How to compare electricity plans

You can choose from many third-party electricity suppliers, buying groups and government aggregators in Ohio, each offering different rates and energy plans. Factors to weigh when researching your options come down to rates and the type of plan that fits your electricity needs and budget.

Fixed, variable and hybrid rates

Suppliers, groups and aggregators in Ohio offer the choice of fixed, variable or hybrid kilowatt-hour rates:

  • Fixed rates. Fixed rates allow you to lock in a rate for an established contract term. These plans protect your budget from surprise rate spikes, though they can keep you from more easily switching providers with lower rates if the market dips.
  • Variable rates. Variable rates allow you to purchase energy without a contract. These plans allow you to jump to a different provider at any point, though you can expect to pay increased rates when demand is high, such as during colder weather months.
  • Hybrid rates. Fixed and floating options split your contract into a fixed rate for part of your term and a variable rate for another.

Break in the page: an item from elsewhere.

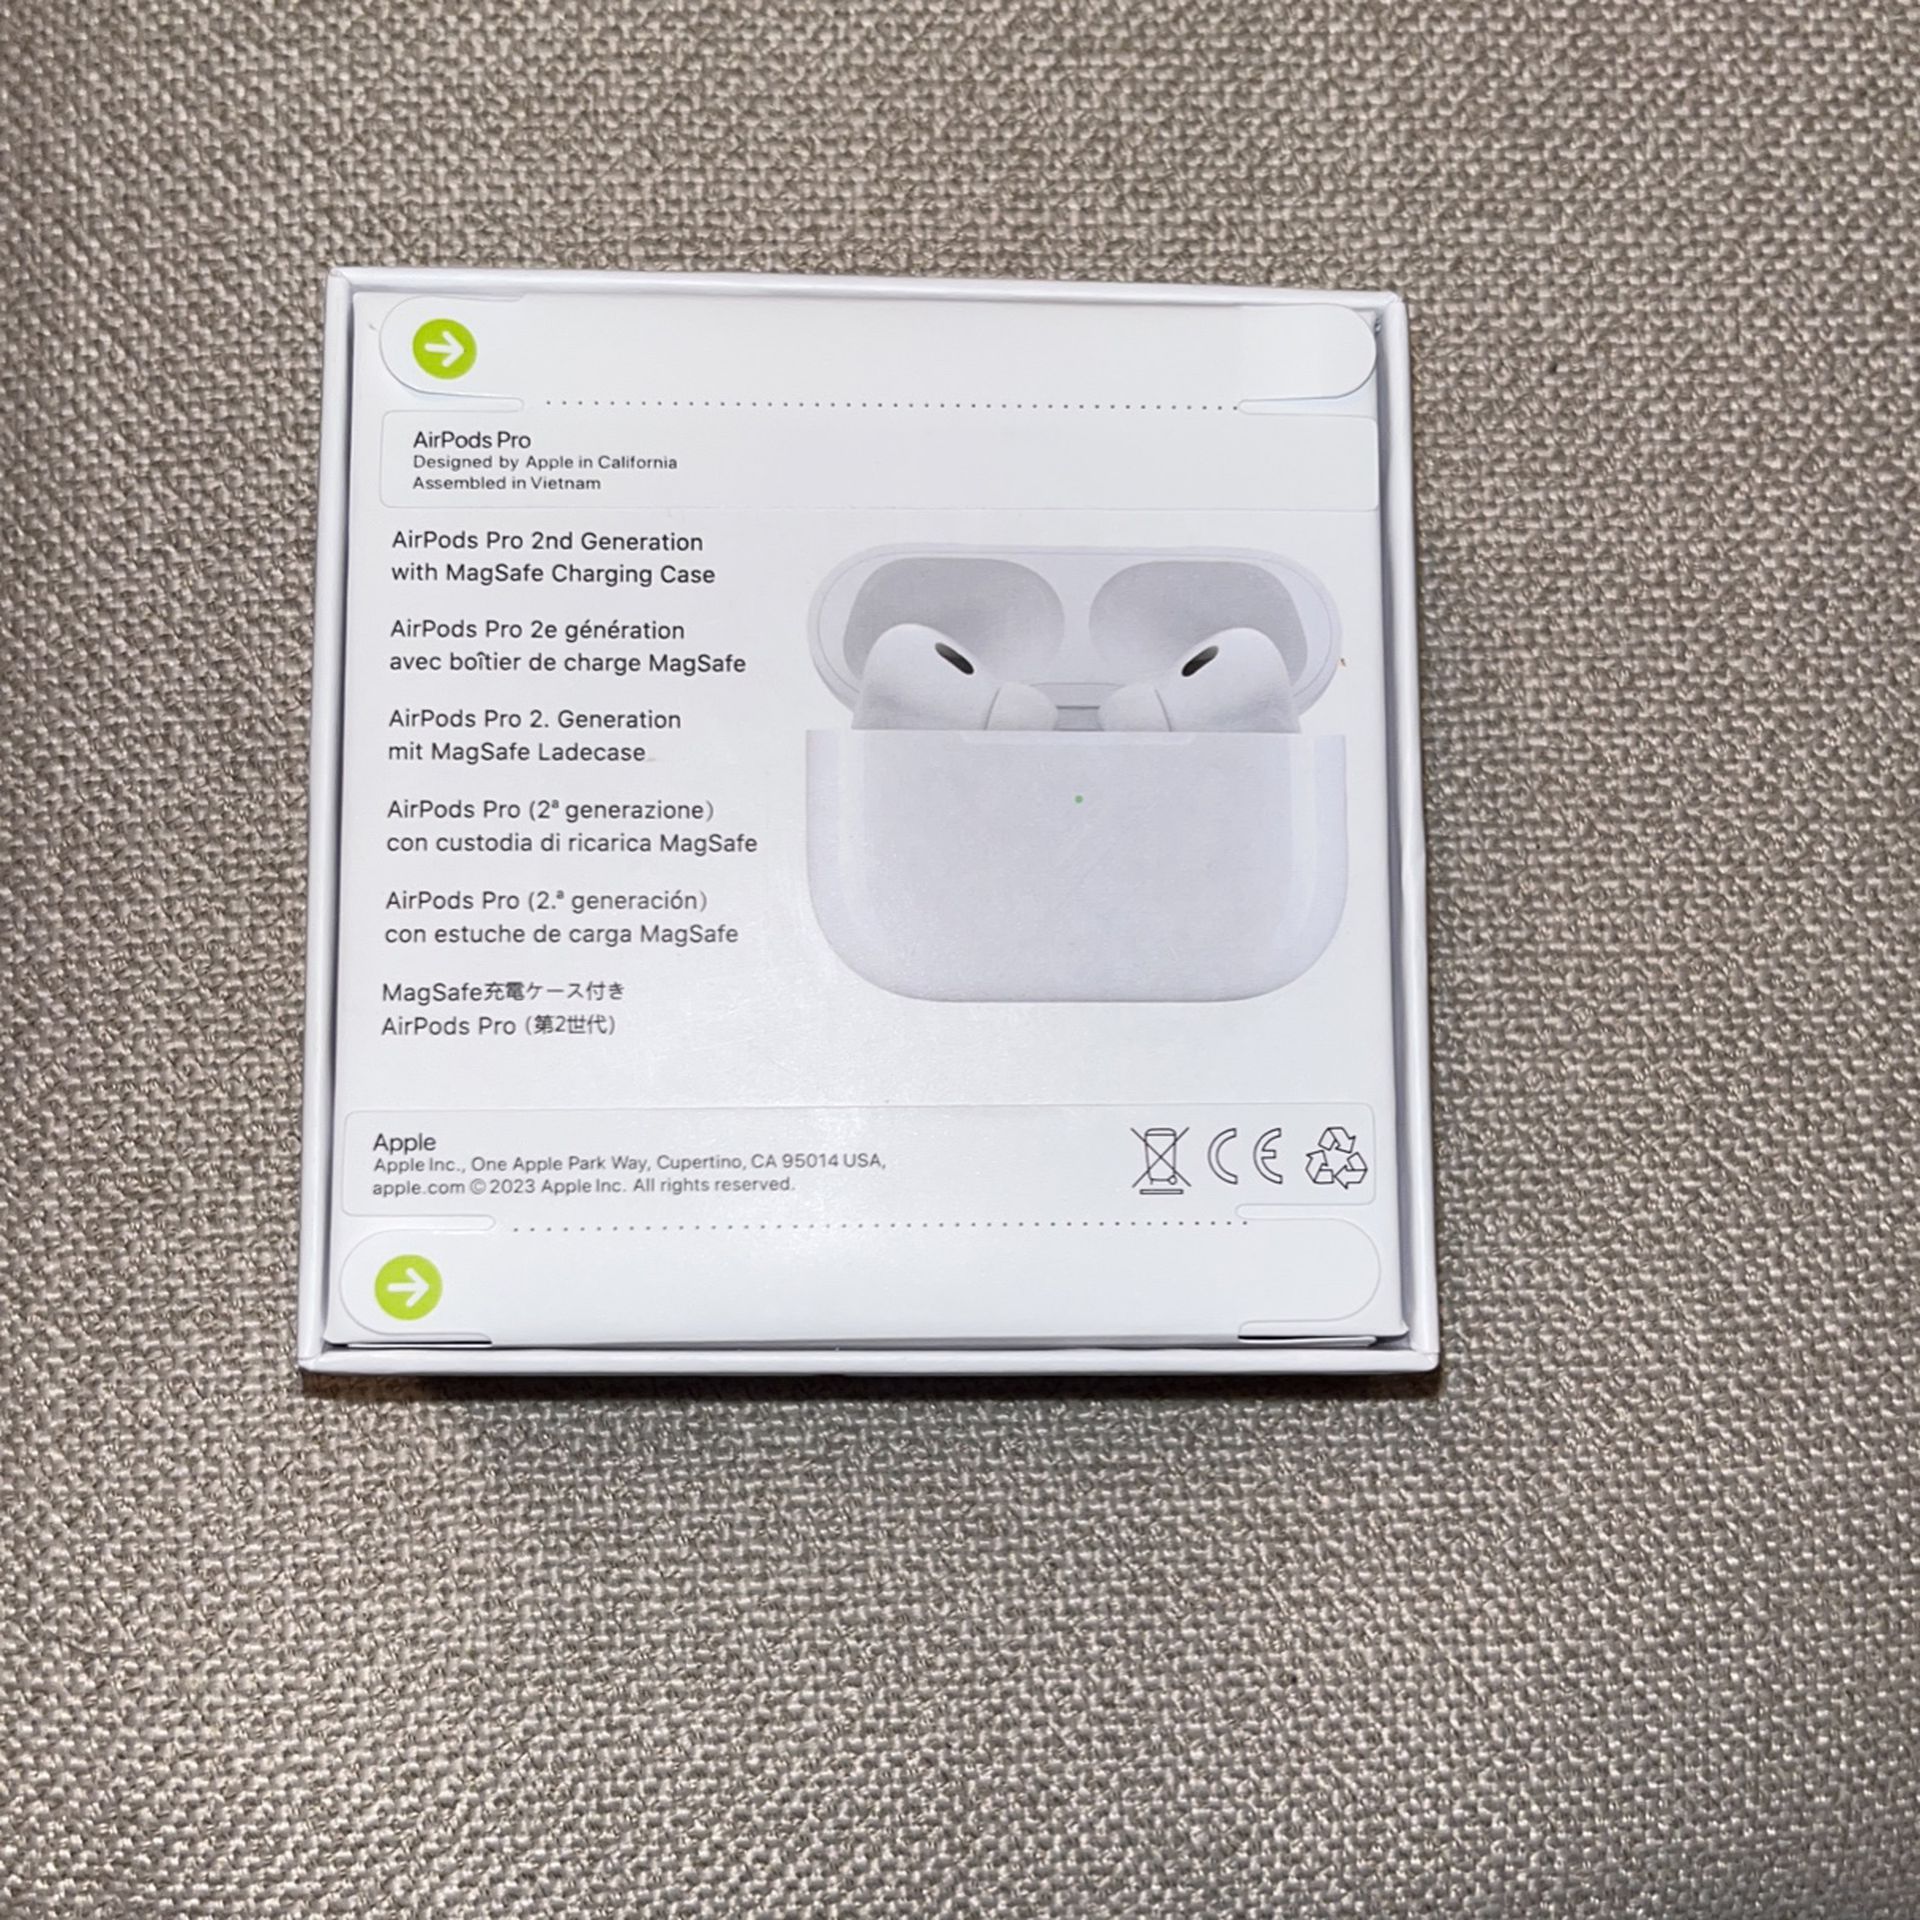 AirPods Pro 2nd Generation for Sale in Orlando, FL - OfferUp

For variable rates, ask your potential provider if it limits how much rates can fluctuate, which can help you keep costs manageable.

Introductory rates and signup bonuses

Many electricity suppliers offer lower advertised rates or bonuses to entice new customers. These bonuses can be reflected as a lump-sum savings or percentage knocked off the standard rate.

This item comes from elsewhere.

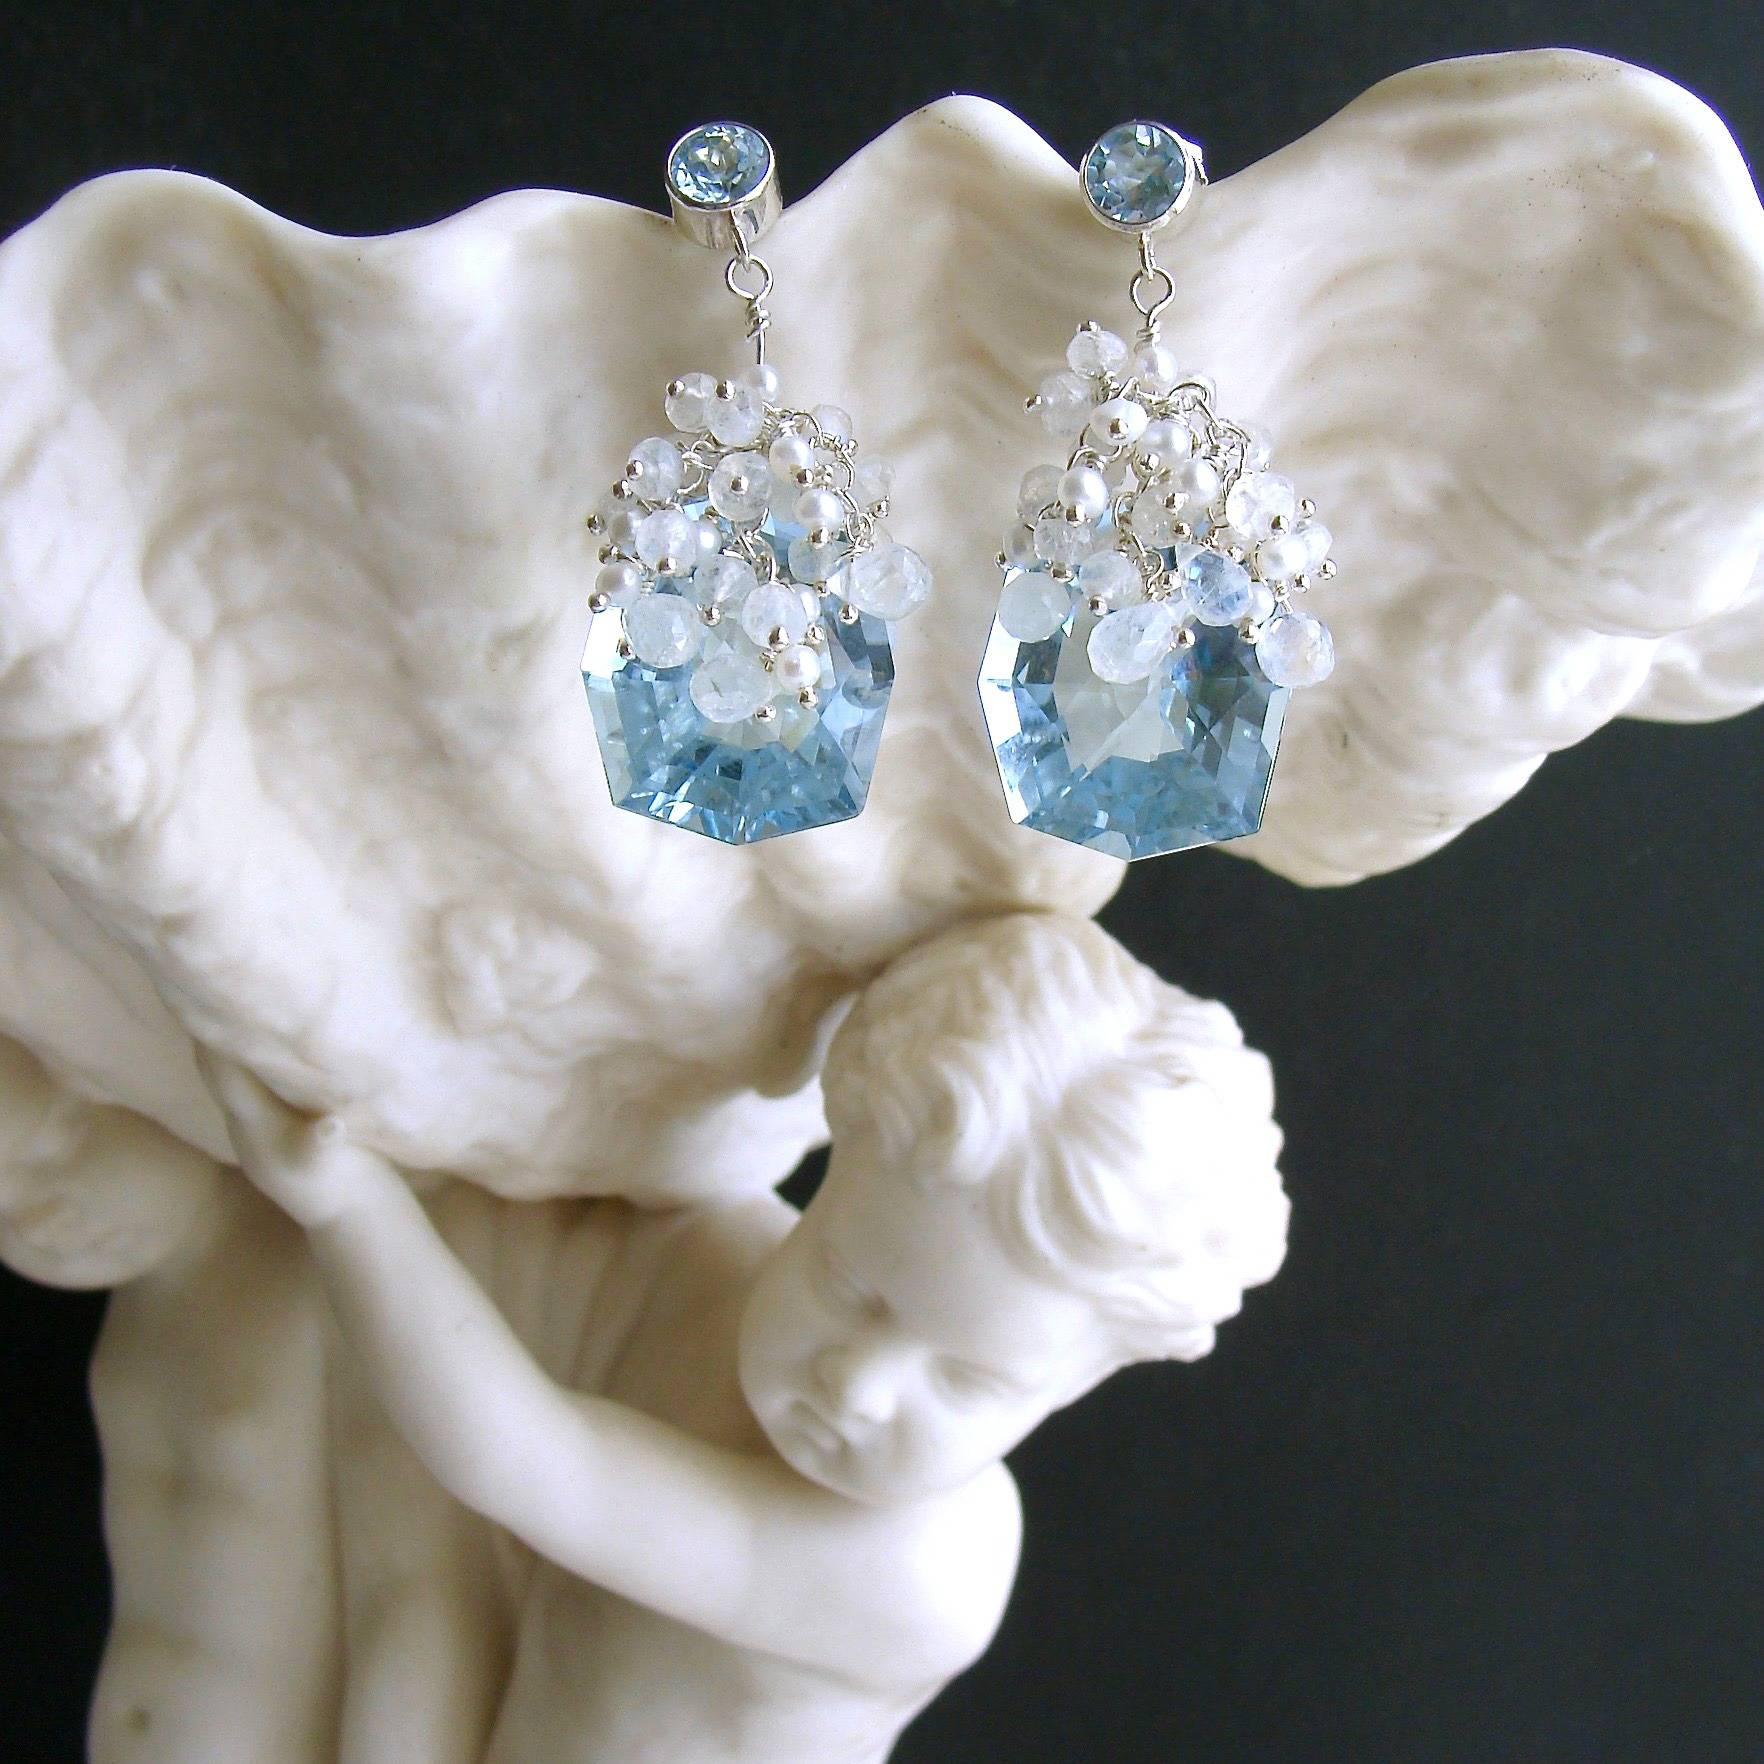 Sparkling fancy-cut blue topaz have been adorned with cascading tendrils of hand-linked minuscule seed pearls and flashy moonstone rondelles and briolettes, while suspended from simple blue topaz post earrings.  The delicate nature of these earrings

Introductory rates can last the first quarter of your contract, for six months or even the full term. Read the fine print of any offer to understand the rate you’ll pay after the bonus and avoid overpaying for your energy in the long term.

Contract terms and details

Understand the contract system of any supplier, group or aggregator you’re interested in. Look at available terms, how the supplier or group handles renewals and whether you can cancel before your contract ends.

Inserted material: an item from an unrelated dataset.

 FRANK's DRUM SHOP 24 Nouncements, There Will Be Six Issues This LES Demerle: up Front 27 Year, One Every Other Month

  • Contract terms. Contracts can range from three months to a year or more. Longer terms can be easier to manage, while shorter terms allow the flexibility to leverage market dips.
  • Contract renewal. Some providers require you to renew a contract term, allowing you to review or change the details of your rate schedule, while others automatically renew your terms unless you tell them not to.
  • Contract cancellation. Markets being what they are, you may find lower rates so enticing that you’re willing to pay a termination fee to end your contract early. Understand the penalties you face so that you can factor them into any future decisions to switch providers.
  • Late fees and grace periods. Ask potential providers about late fees and how many days after the due date you can make a payment without paying a penalty.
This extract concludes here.